Maximum Product Subarray

Given an integer array nums, find the contiguous subarray within an array (containing at least one number) which has the largest product.

Example 1:

Input: [2,3,-2,4]
Output: 6
Explanation: [2,3] has the largest product 6.

Example 2:

Input: [-2,0,-1]
Output: 0
Explanation: The result cannot be 2, because [-2,-1] is not a subarray.

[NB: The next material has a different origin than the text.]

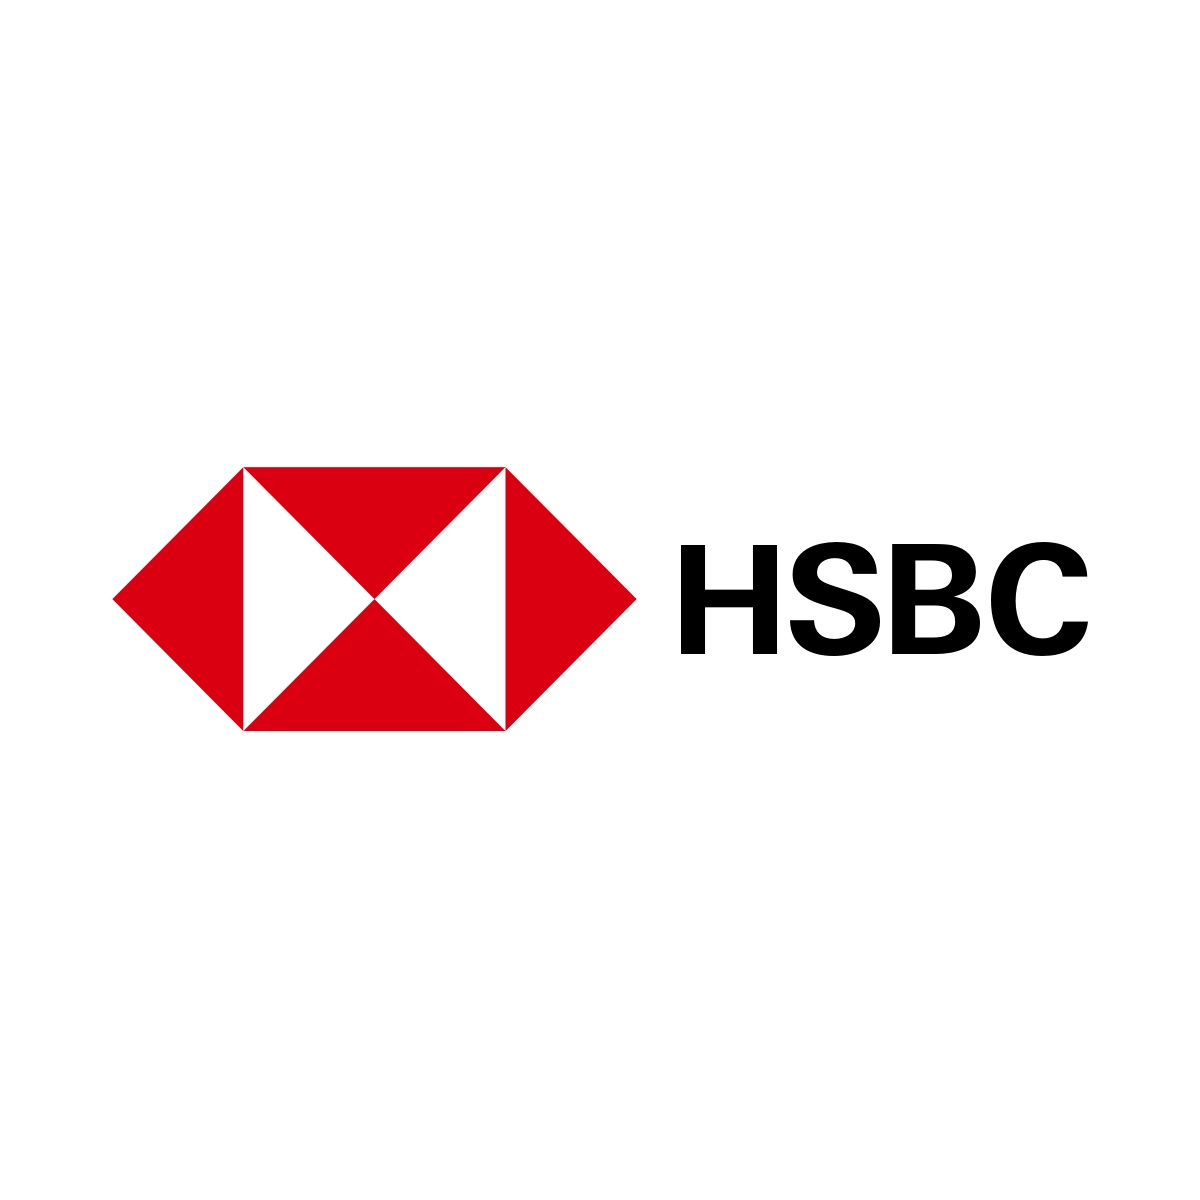 HSBC Malta - Credit Cards, Accounts, Loans | Bank in Malta

其实不用考虑太多情况，只需要比较dp最大 dp最小乘以当前值 和当前值比较就好了

时间复杂度 o(n).空间复杂度 o(n)

class Solution {
    public int maxProduct(int[] nums) {
        if(nums == null || nums.length == 0)
            return 0;
        
       int[] dpMax = new int[nums.length];
       int[] dpMin = new int[nums.length];
        
        dpMax[0] = nums[0];
        dpMin[0] = nums[0];
        
        int res = nums[0];
        
        for(int i = 1; i < nums.length ;i++){
            dpMax[i] = Math.max(Math.max(dpMax[i-1]*nums[i],dpMin[i-1]*nums[i]),nums[i]);
             dpMin[i] = Math.min(Math.min(dpMax[i-1]*nums[i],dpMin[i-1]*nums[i]),nums[i]);
               res = Math.max(dpMax[i],res);
        }
        
        
        return res;
    }
}

时间复杂度 o(n),空间复杂度 o(1)

class Solution {
    public int maxProduct(int[] nums) {
        if(nums == null || nums.length == 0){
            return 0;
        }
        
        int min = nums[0];
        int max = nums[0];
        int res = nums[0];
        int prevMax = max, prevMin = min;
        
        for(int i = 1; i < nums.length;i++){
            max = Math.max(Math.max(prevMin*nums[i],prevMax*nums[i]),nums[i]);
            min = Math.min(Math.min(prevMin*nums[i],prevMax*nums[i]),nums[i]);
            res = Math.max(res,max);
            prevMax = max; 
            prevMin = min;
        }
        
        return res;
    }
}

找到最大乘积数组

class Solution {
    public int maxProduct(int[] nums) {
         //arguement check
       if(nums == null || nums.length == 0) return 0;

       //help variable and array define

        int max = nums[0];
        int min = nums[0];

        int res = nums[0];
        
        int start = 0, end = 0;
        int[] r = new int[2];
       //go through nums array
        for(int i = 1; i < nums.length;i++){
            int tmpMax = max, tmpMin = min;

            max = Math.max(  Math.max(  tmpMax*nums[i], tmpMin*nums[i] ), nums[i]);
            
            min = Math.min(  Math.min(  tmpMax*nums[i], tmpMin*nums[i] ), nums[i]);
            
            //res = Math.max(res,max);
            
            if(max < tmpMax){
                start = i;
                end =i;
            }
            
            else if(max >= tmpMax){
                end++;
            }
            
            if(max > res){
                res = max;
                r[0] = start;
                r[1] = end;
            }
        }
        System.out.println(r[0] + " "+ r[1]);
        return res;

        //time o(n), space o(1);
    }
}